Monday, June 20, 2016: 10:00 AM-10:30 AM
Exhibit Hall Section 1, Dena'ina Convention Center
Julia A Paul , Canadian Field Epidemiology Program, Winnipeg, MB, Canada
Shirley Rempel , Canadian Field Epidemiology Program, Surrey, BC, Canada
Jennifer Gratrix , Alberta Health Services, Edmonton, AB, Canada
Lindsay Bertholet , Alberta Health Services, Edmonton, AB, Canada
Jim Myres , Alberta Health Services, Edmonton, AB, Canada
Colleen Roy , Alberta Health Services, Edmonton, AB, Canada
David Strong , Alberta Health Services, Edmonton, AB, Canada
Petra Smyczek , Alberta Health Services, Edmonton, AB, Canada

BACKGROUND: In May 2015, the Canadian province of Alberta began observing a statistically significant increase in the number of reported gonorrhea (GC) cases compared to previous years. Within the province, the Edmonton Zone was found to have the highest rate, compared to the other four health zones, for January to April 2015 (38.4 infections per 100,000 population).
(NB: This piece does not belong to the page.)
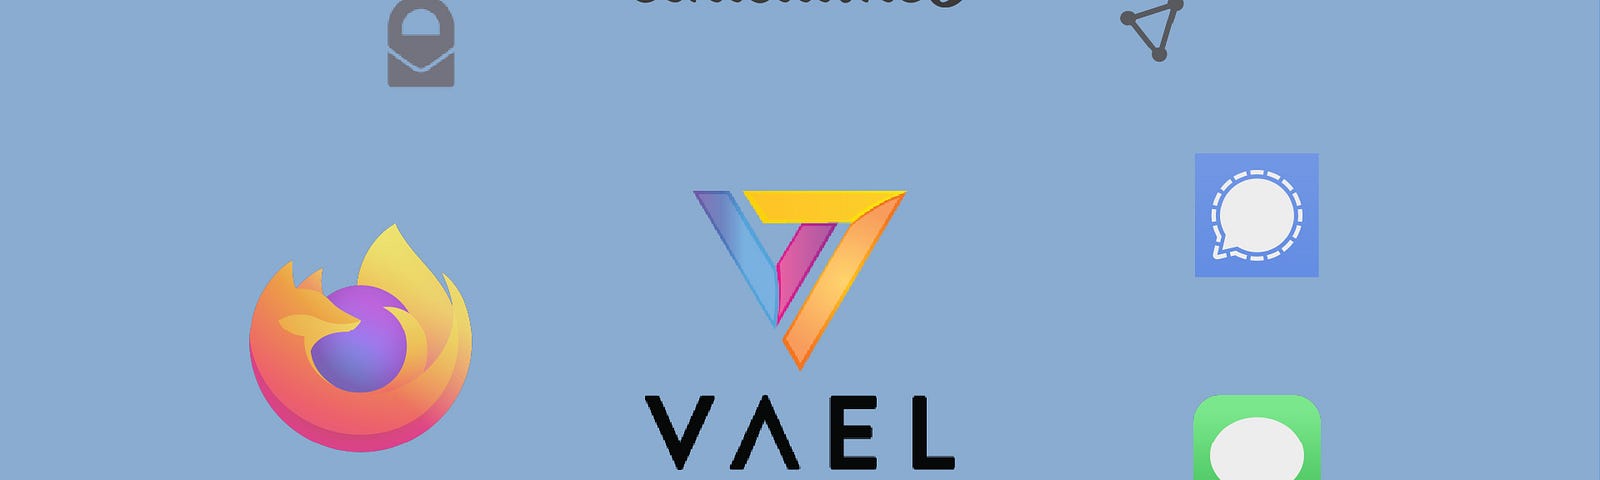 Vael, ethical.net, ProtonMail, ProtonVPN, Signal, iMessage, Tor, DuckDuckGo, and Firefox logos.

An investigation was launched to describe the populations at risk and the sexual networks within the Edmonton Zone to support the development of targeted interventions.

METHODS: A descriptive summary of all GC cases reported in the Edmonton Zone from January to August 2015 was conducted using routinely collected data.  Descriptive analyses were also completed on information from chart reviews of STI Clinic cases and selected community diagnosed cases about how and where people were meeting their sexual partners. A social network analysis was conducted to identify populations at risk and common meeting places. A core group of cases, identified from the social network analysis, were selected for re-interview to enhance information on how cases meet their sexual partners.
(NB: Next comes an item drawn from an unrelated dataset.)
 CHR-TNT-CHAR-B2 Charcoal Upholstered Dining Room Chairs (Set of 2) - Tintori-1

RESULTS: There were 1,088 GC cases reported from the Edmonton Zone from January to August 2015. Fifty five percent (n=593) of cases were male. Forty three percent of female cases and 21% of male cases self-identified as Aboriginal. Of the male cases, 21% reported same sex partners (n=126). The use of online applications and websites was the most frequently mentioned method of meeting sexual partners. There were 523 sexual networks identified, the majority comprising five or fewer people. Only 5 of 18 cases selected for re-interview could be reached and interviewed using the enhanced investigation form. All Aboriginal females selected for re-interview (n=5) were unable to be contacted.
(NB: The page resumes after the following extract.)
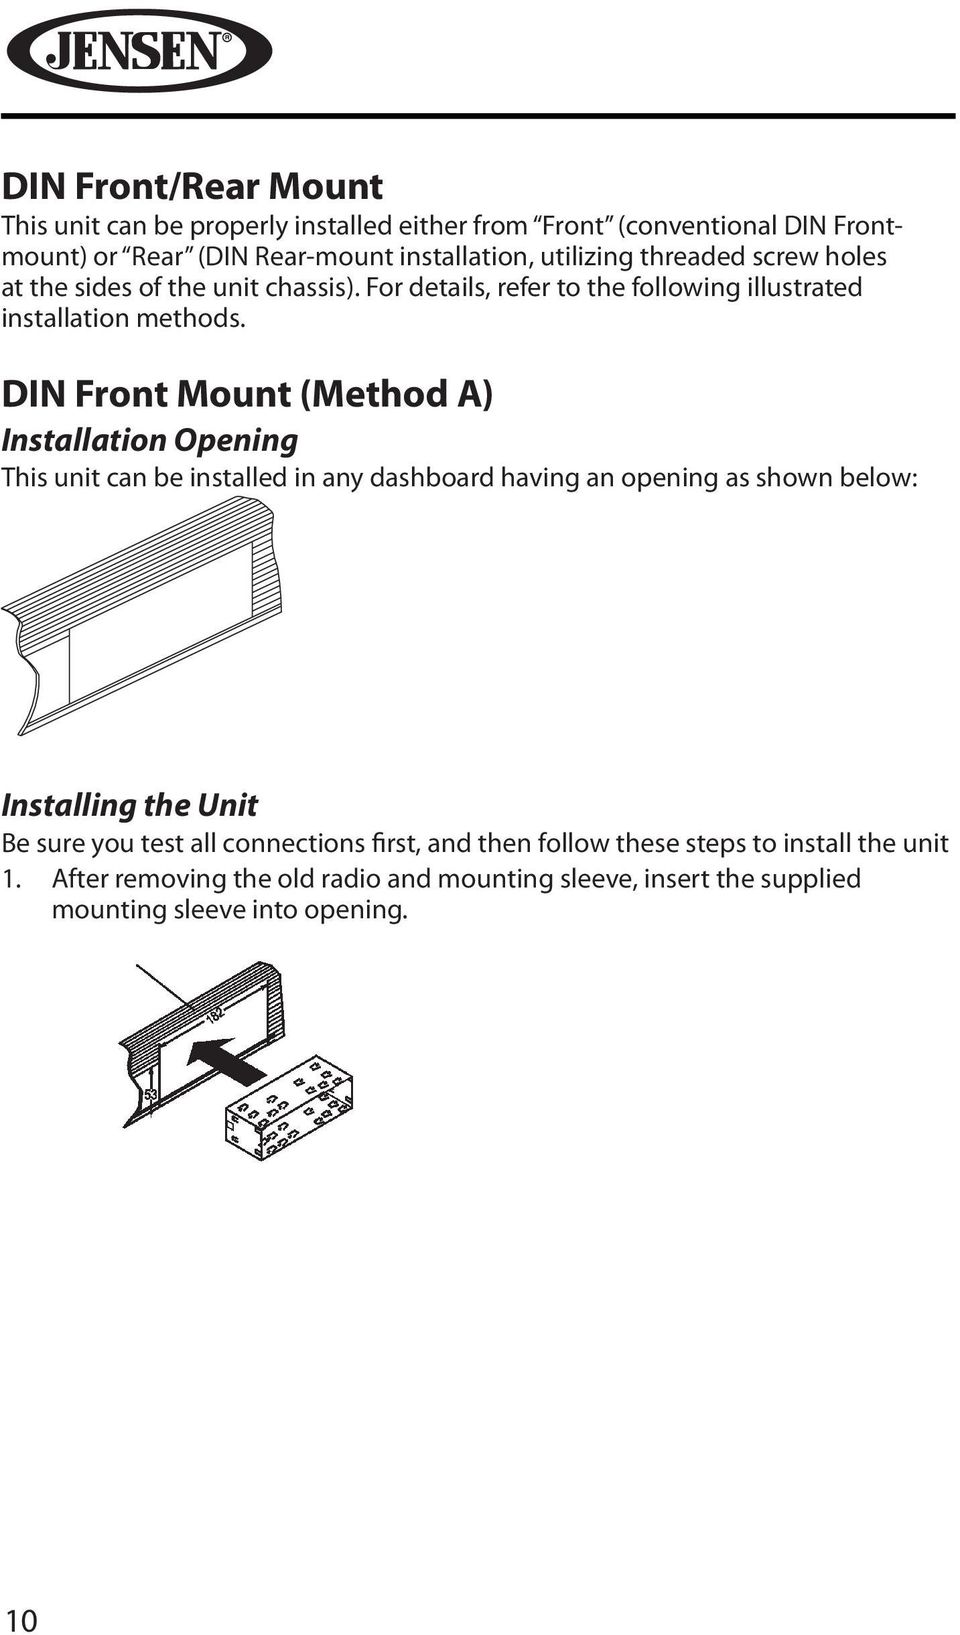 DIN Front Mount (Method A) Installation Opening This unit can be installed in any dashboard having an opening as shown below: Installing the Unit Be sure

CONCLUSIONS: Men who have sex with men (MSM) and Aboriginal females were overrepresented in this cohort of GC cases. Targeted interventions including weekly MSM clinics, online ads on MSM dating sites, and increased outreach activities directed towards Aboriginal females were initiated based on results of our investigation. Aboriginal women were more difficult to re-connect with STI services; therefore, engagement with Aboriginal community organizations has begun. It was also recommended that current investigation forms be modified to more systematically and prospectively collect venue/meeting place information from GC cases.